Closed bigludo7 closed 4 months ago

bigludo7 commented 9 months ago

Problem description

The CAMARA-API-access-and-user-consent document defined purpose and scope. scope could be an API level. First implementation feedback raised that scope at API level is an problem if some operations within this API, with same dpv, required distinct legal base type execution (for example one operation is under legitimate Interest whilst the other is under Consent legal base). In this case, for this market country implementation, for this situation, the rule is to work (only) at operation level.

Probably interesting to check if in other market country same rule applied.

Possible evolution If this is a shared concern - We may specify this recommendation in the document ("if several legal base, for a same dpv, apply within an api, then the recommendation is to use scope only at operation level").

Alternative solution Change nothing in the document and let the topic open for each market.

Additional context Adopting this recommendation could have an impact on API evolution. Indeed, if an API is in production in a market, and scope is managed at api level, then we should refrain extension on this API (by adding a new operation for example or adding attributes) that required a distinct legal base that the current used. As such, this point is impacting all APIs so probably TSC consultation is required.

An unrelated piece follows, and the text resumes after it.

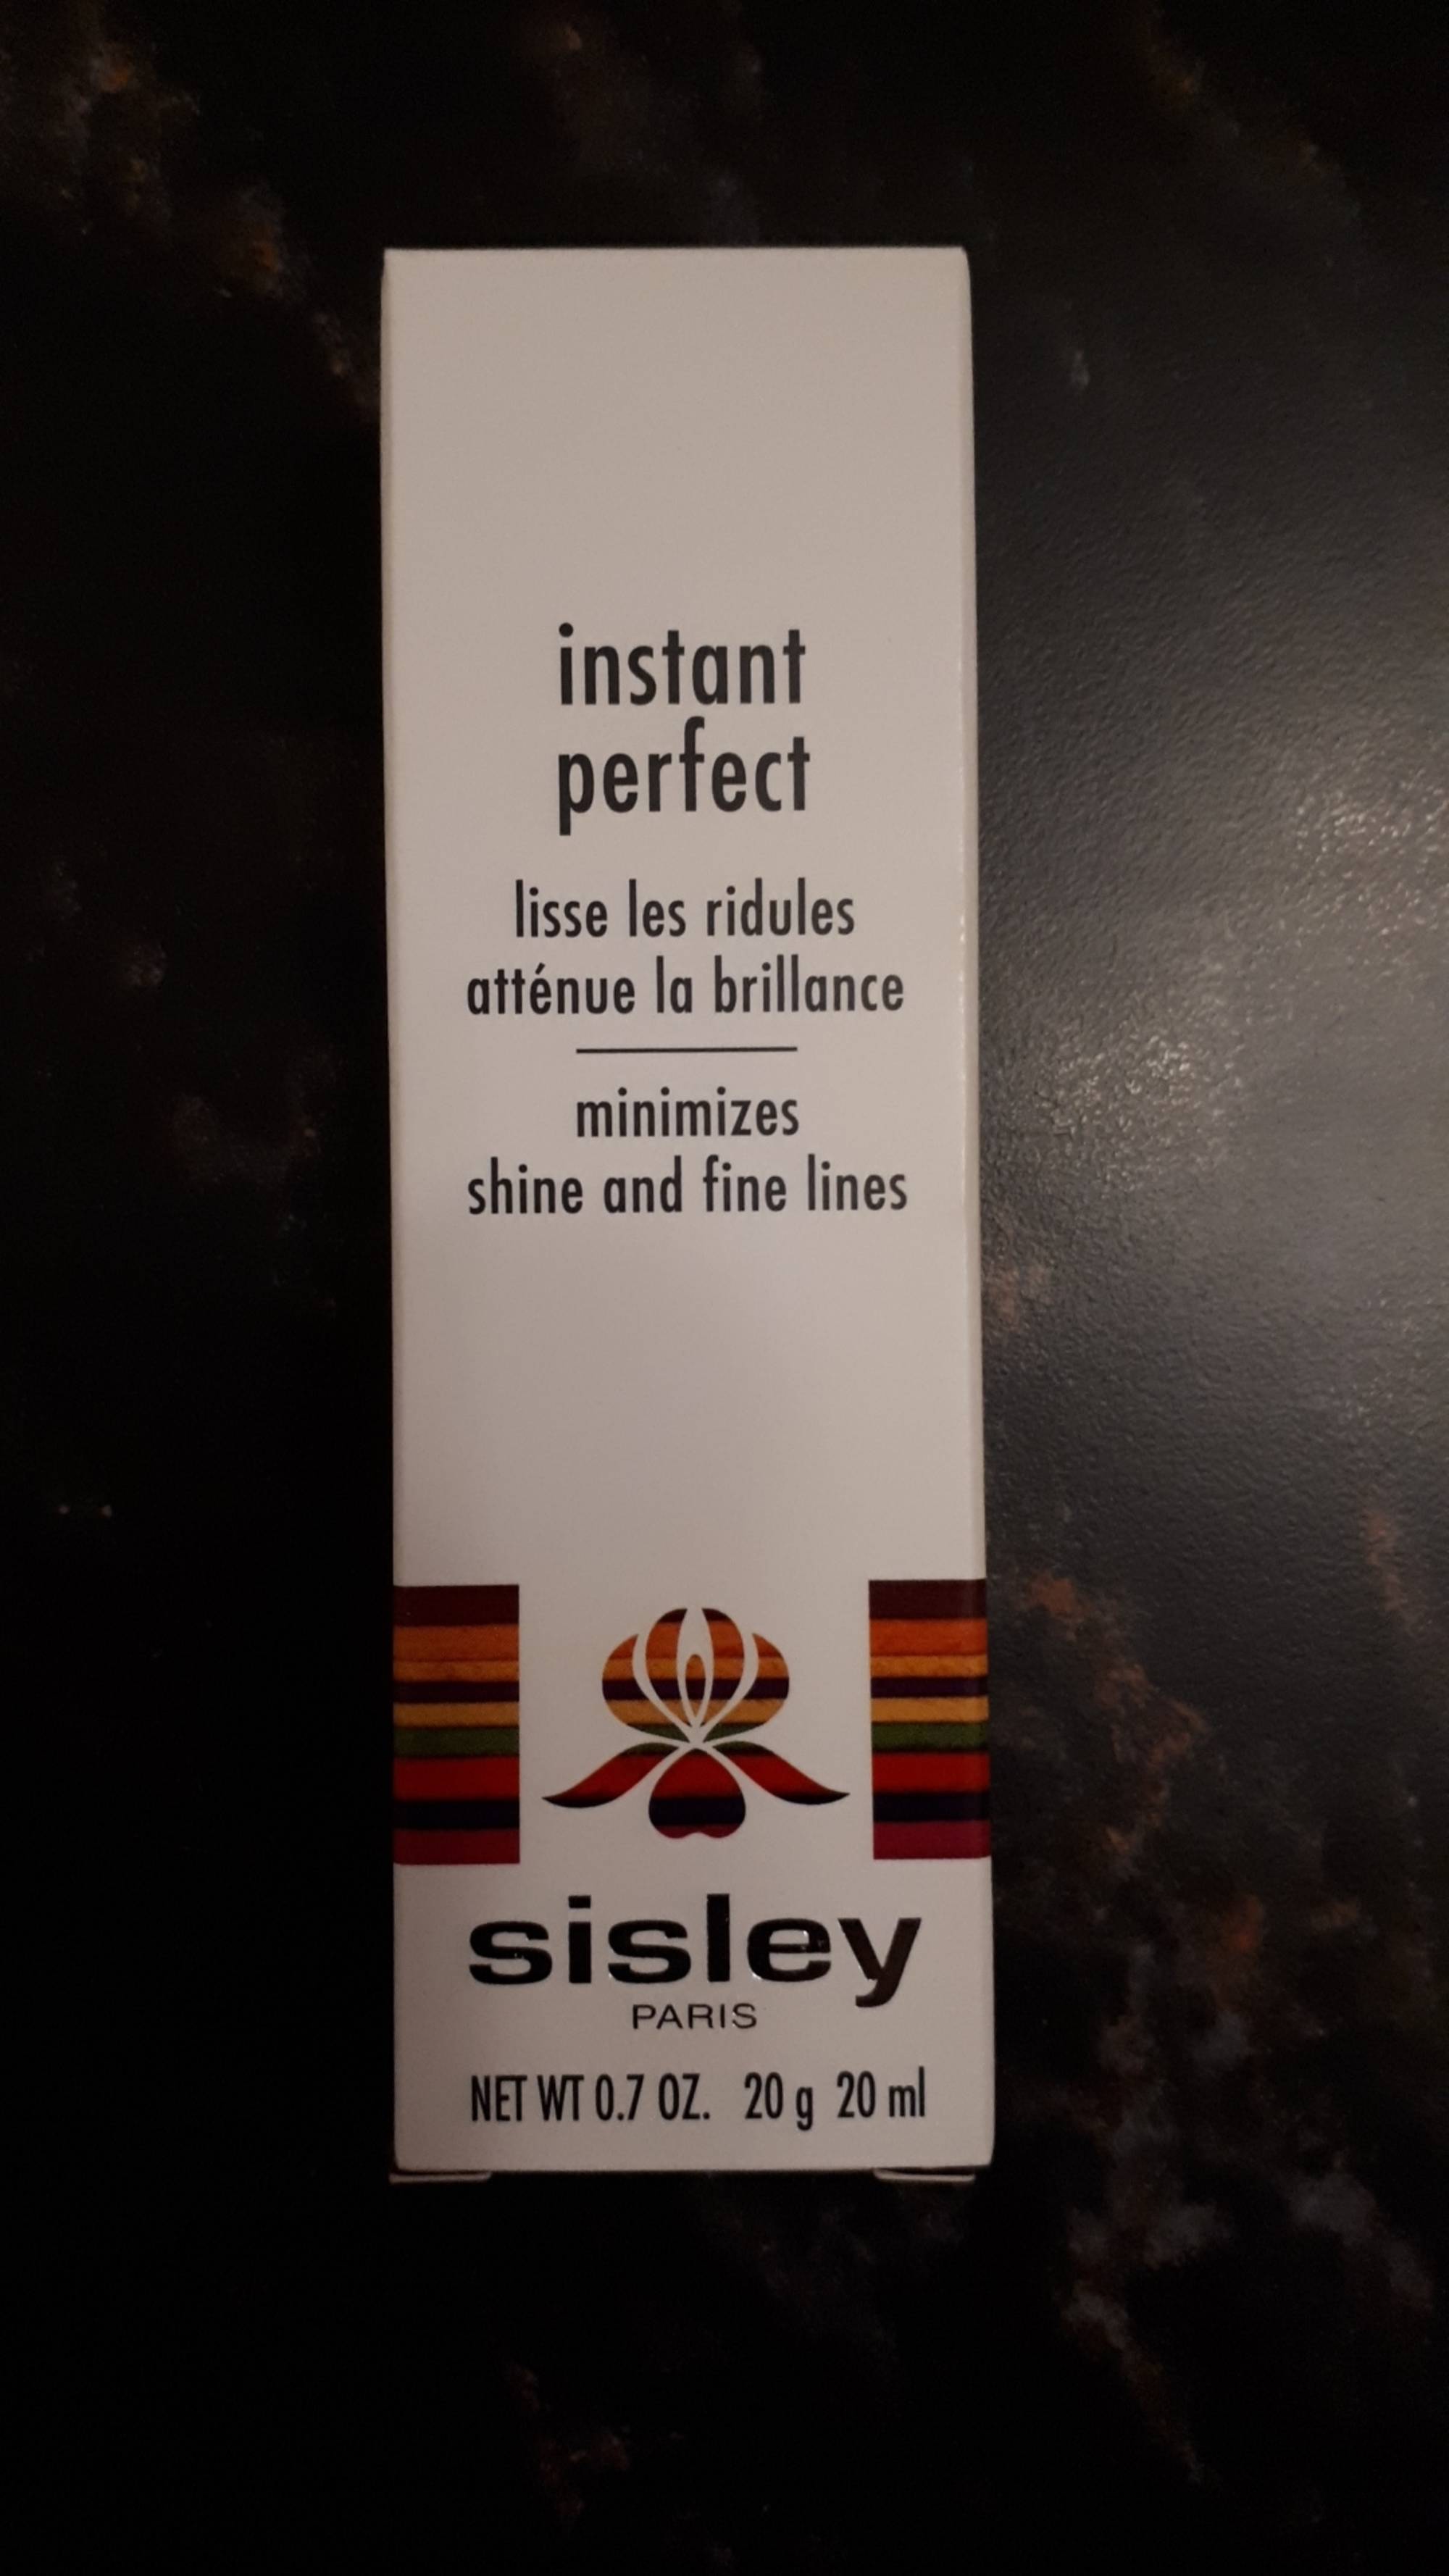 SISLEY - Instant perfect - Lisse les ridules atténue la brillance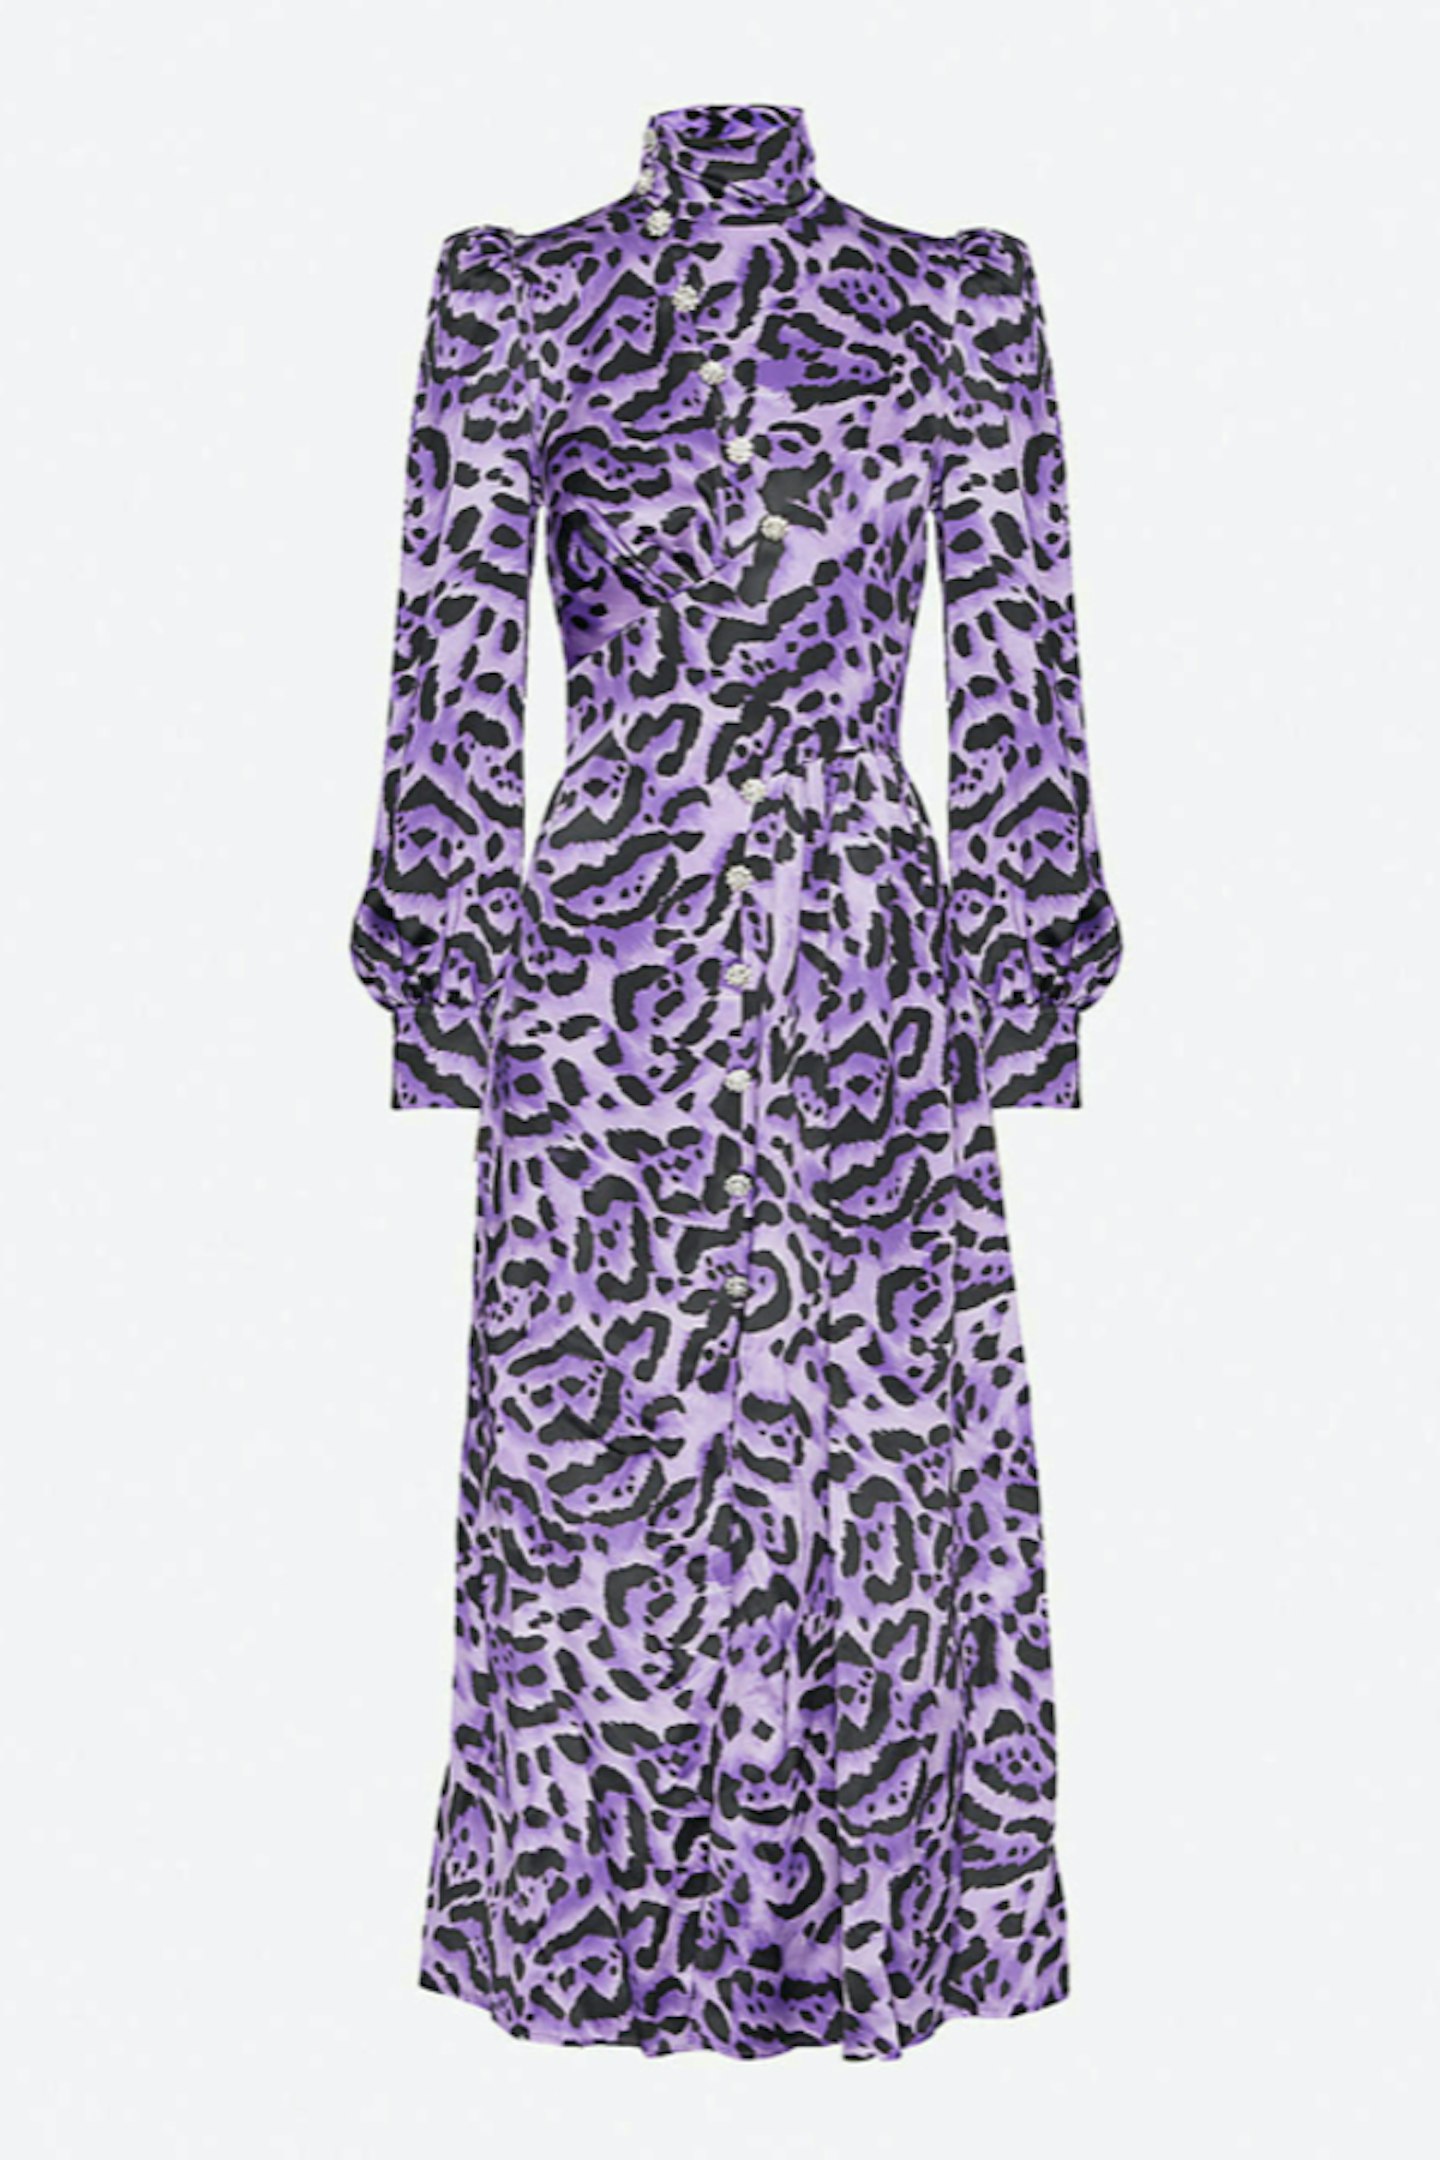 Alessandra Rich, High Neck Leopard Print Dress, Rent From £95

eric-murray commented 9 months ago

Hi @bigludo7

CAMARA should define the valid range of "purpose" values, scope values and the technical mechanism for the API consumer to signal their required scope to the API provider, all of which have been done or are in progress. The question is whether we need to say anything about which combinations are valid, or leave that to implementors and regulators (or maybe Open Gateway).

If I, as an API provider, receive a request for scope dpv:FraudPreventionAndDetection#sim-swap then I would currently interpret this as "give me (as defined by my client-id) access to all endpoints in API sim-swap for which FraudPreventionAndDetection is an approved purpose". This may be all, none or only some of the defined endpoints, and it is up to my implementation to restrict access to endpoints for which FraudPreventionAndDetection is not a valid purpose.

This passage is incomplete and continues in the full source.